Any time that Ohio State was visiting, the games were televised from Assembly Hall back to Columbus, of course.  But they looked odd.

Also, always in the background behind the players, there was a weird white wall.

The wall was curved — low in the middle for the front-row fans, but higher on the ends to allow for entryways.  Those portals had scoreboards above them, just like Ohio State's St.
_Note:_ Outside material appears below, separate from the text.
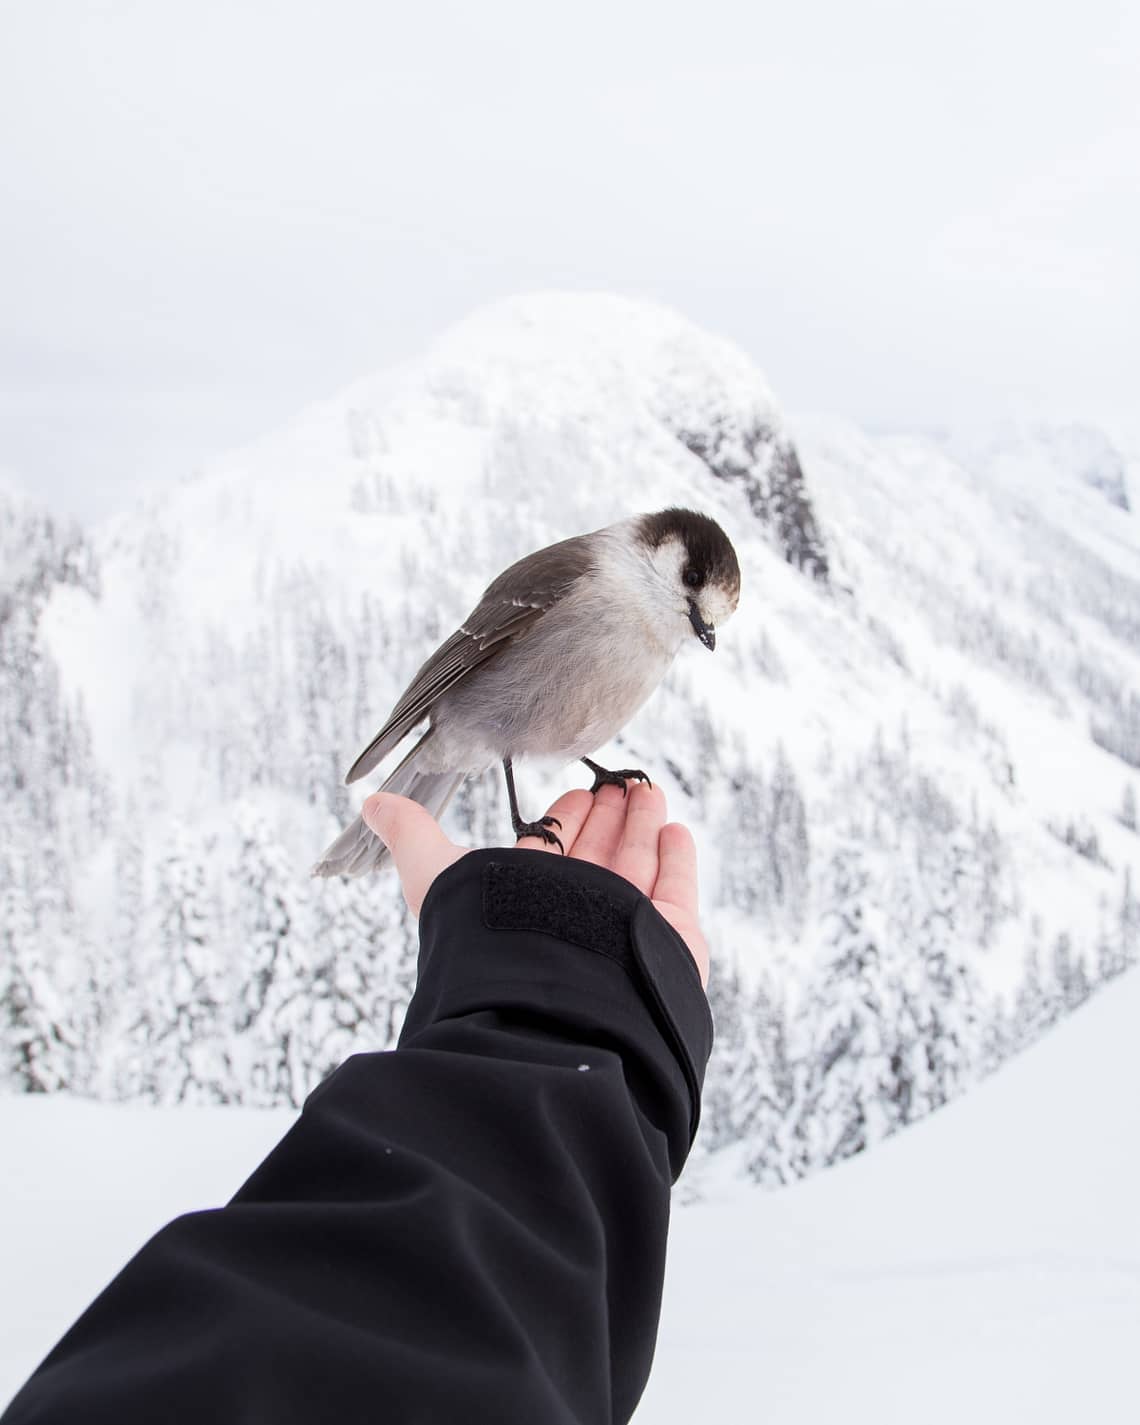 bird sitting on the hand of a person in winter

John Arena.

When the building was being designed, IU officials had insisted on having only a few rows of bleachers behind the baskets.  For a better fan experience, most of the 17,000 seats are stacked along the sidelines.  Therefore those sides are very steep, including balconies high up in the rafters.

It's not practical to locate the main television cameras way up there.  Instead, a camera location was established in the seventh row, indicated below by an X.  On television, the low angle did make us feel we had great seats, almost at courtside, but it didn't provide the whole-court overview we usually expect.

Since then, I believe TV broadcasters have relocated their cameras to a position about halfway up the lower deck, eliminating a few seats in the process.  Telecasts from Indiana now resemble all others.

Recently, however, I noticed that a name has been painted on the court, apparently identifying the building as the SIMON 5K 100T Assembly Hall.

I had to do some research.  Who was Simon, and why does his five-kilometer race have a hundred turns?  It must consist of 25 laps around half the football field, or something like that.

It turns out that Mel Simon was a shopping mall magnate who owned the NBA's Indiana Pacers.  He left a fortune to his daughter Cynthia, a 1980 IU graduate.  She married Paul Skjodt, a former hockey player with a Danish name.  (It's supposed to be the 2,689,253rd most common surname in the world and is pronounced “Scott.”)

For the past 30 years, Cindy Simon Skjodt “has followed in her father's legacy of generosity, often honoring her parents through her donations” to help hospitals, museums, medical research, and underserved youth and families.  In 2013 she donated $40 million to renovate and improve the hall.

Here we see her at the dedication game, which took place six years ago tonight.

So now I realize, and closer inspection reveals, that the name isn't 5K 100T but actually SKJODT.

 

JANUARY 4, 2023    MANNIXPHONE

In 1967, my parents had a rotary-dial Princess telephone on the nightstand between their twin beds.

Meanwhile on TV, a well-equipped private eye had one in his car, between his bucket seats!

Learn more about it in The Roadster and the Clock.

 

JANUARY 1, 2023    KILLER WHALE

True story:  One of 2022's many mass murderers bought a pistol one day, wrote a paranoid suicide note, and then shot ten Walmart colleagues and himself.  In the note, the evil manager reassured God that the upcoming massacre was not God's fault.  “I was one of the most loving people in the world....  I just wanted a wife that was equally yoked [to Christ] as I.”  However, it was “like I was led by the Satan.”  He used words that he had apparently never seen spelled out, accusing his co-workers of mocking him as they “orcastraighted” his “down fall.”